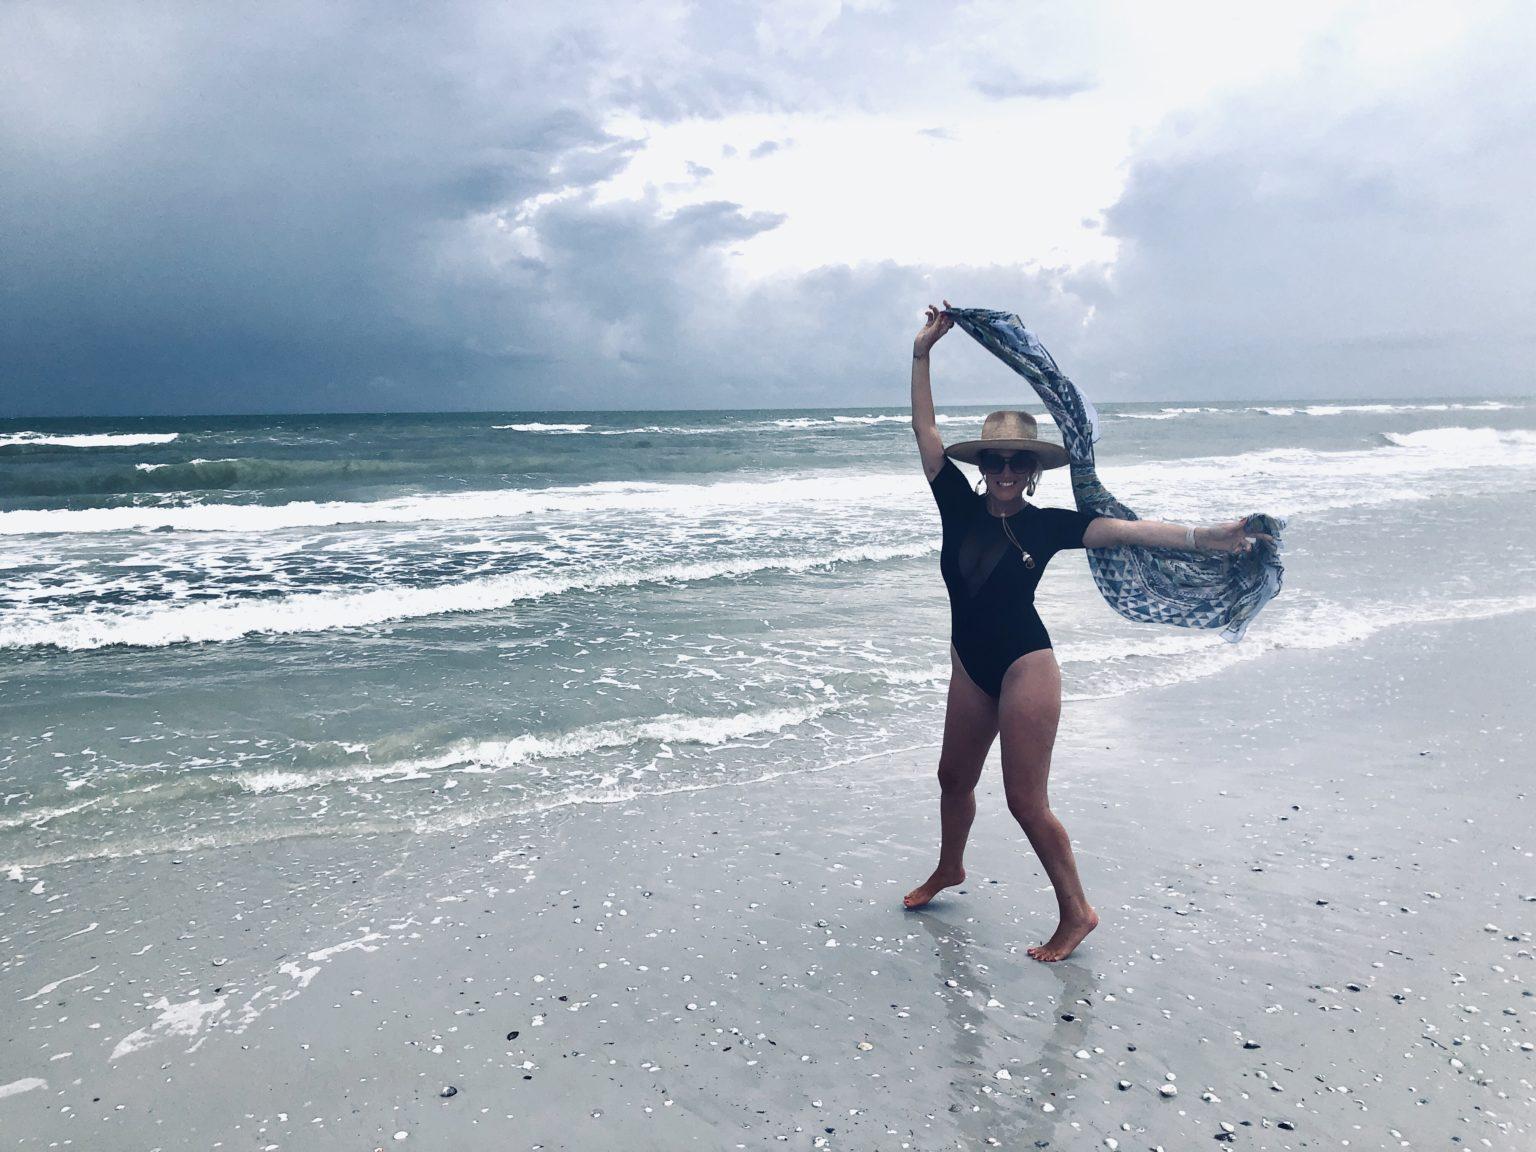 Marisa Sullivan Poses On The Beach
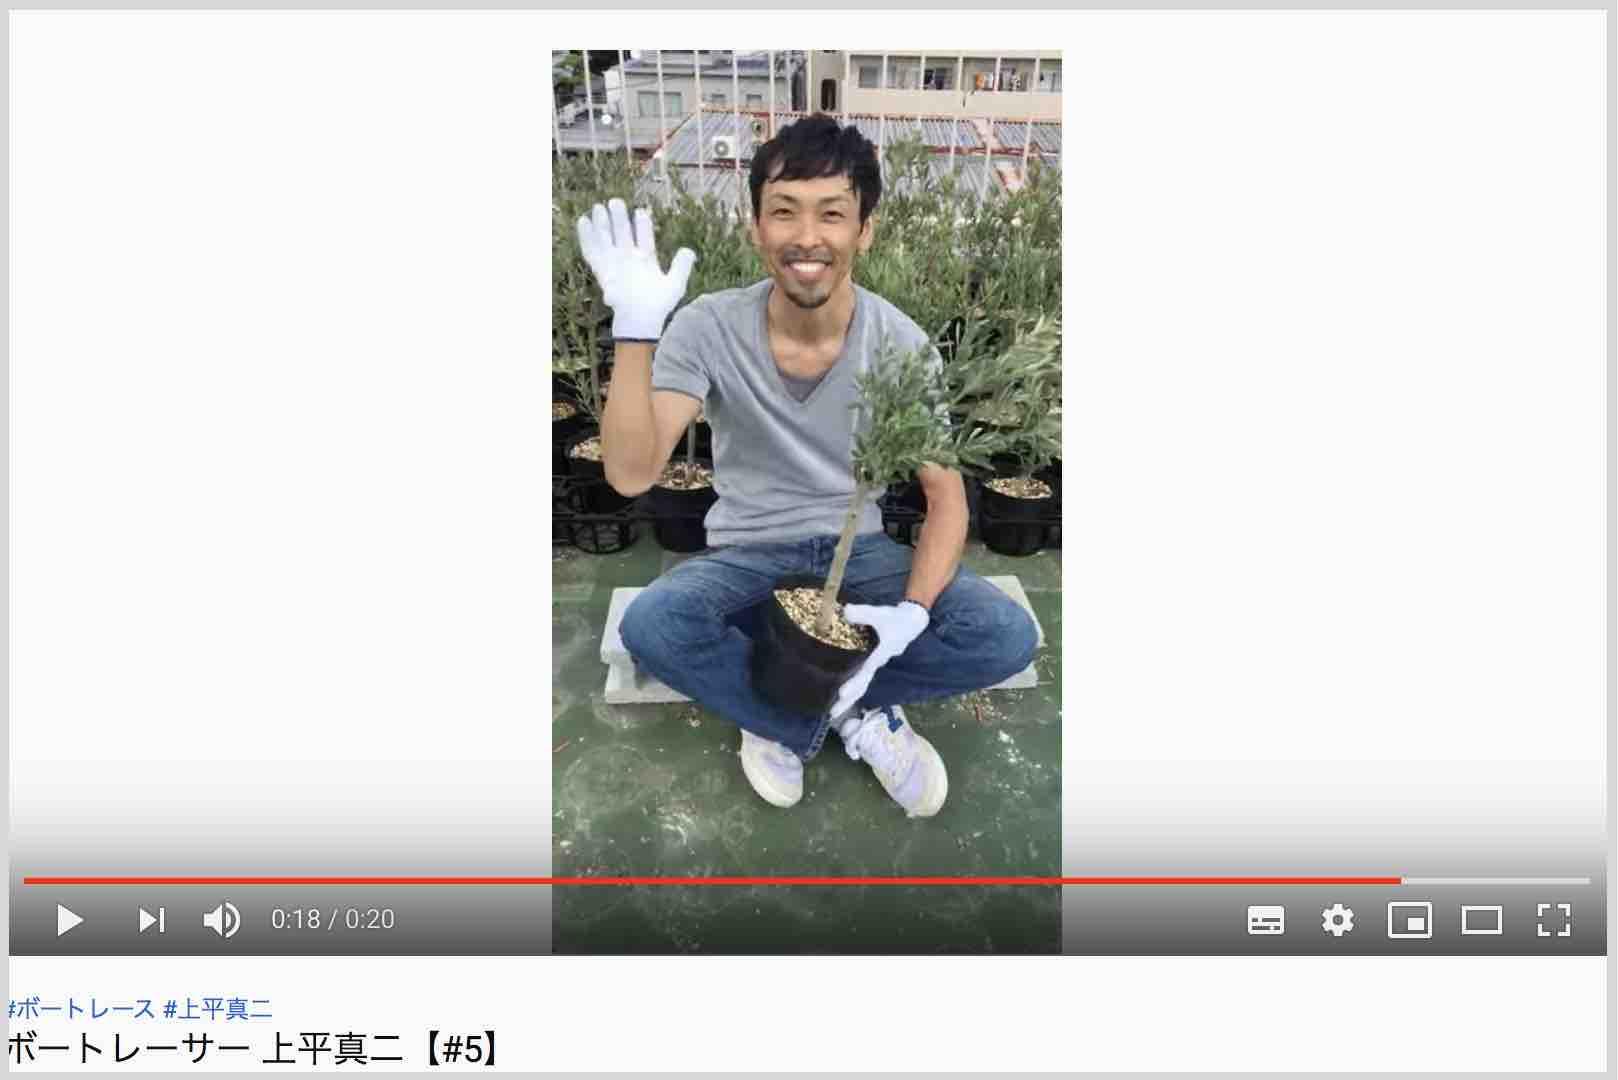 ボートレーサー上平真二のYouTube動画【第5回】
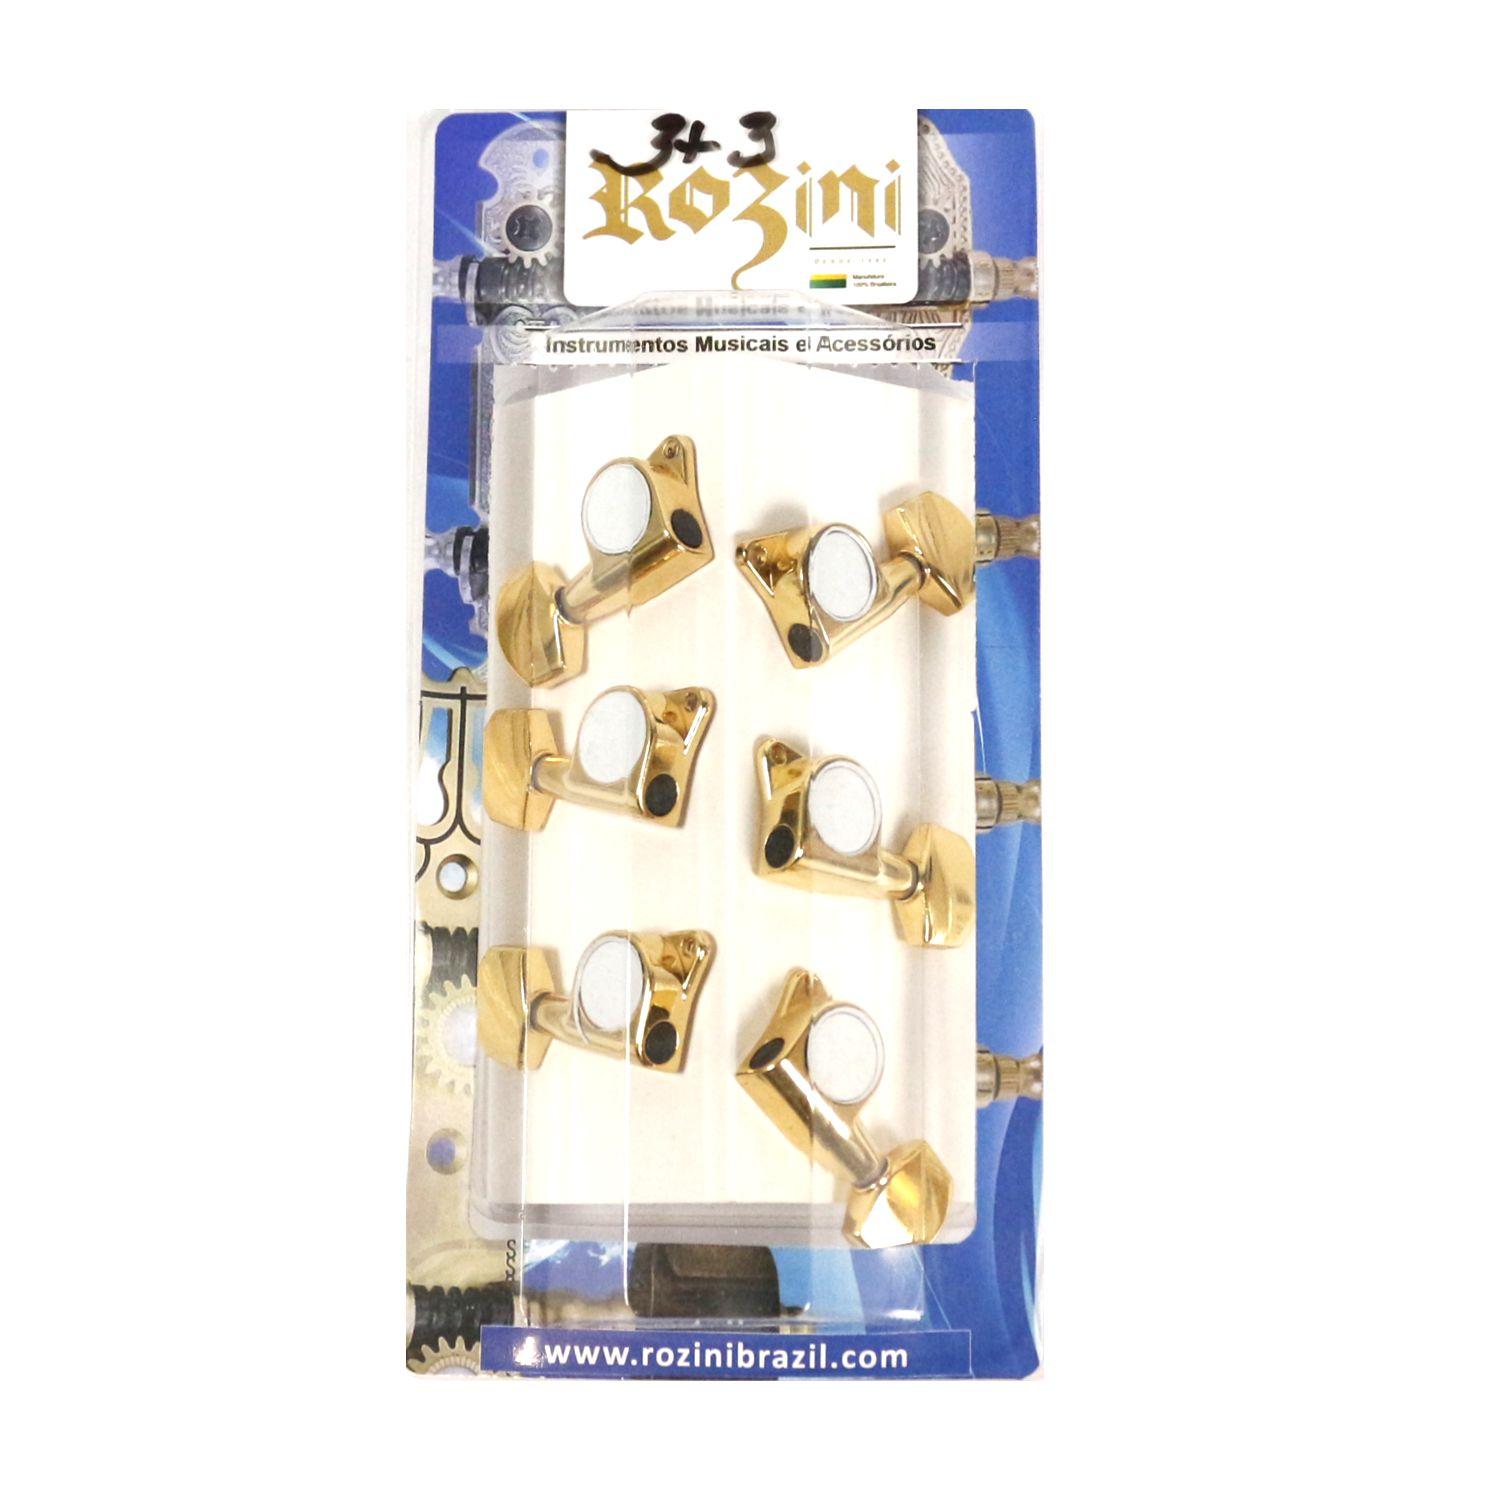 Jogo de Tarraxas Violão AÇO Pino FOLK 3+3 Blindada Dourado - Rozini RA333G-D2

> _What you will do_: In the copy, include no pictures; everything else in the material should be written out exactly.

> _Problem solution_:
 Marisa Sullivan Poses On The Beach
 ボートレーサー上平真二のYouTube動画【第5回】
 Jogo de Tarraxas Violão AÇO Pino FOLK 3+3 Blindada Dourado - Rozini RA333G-D2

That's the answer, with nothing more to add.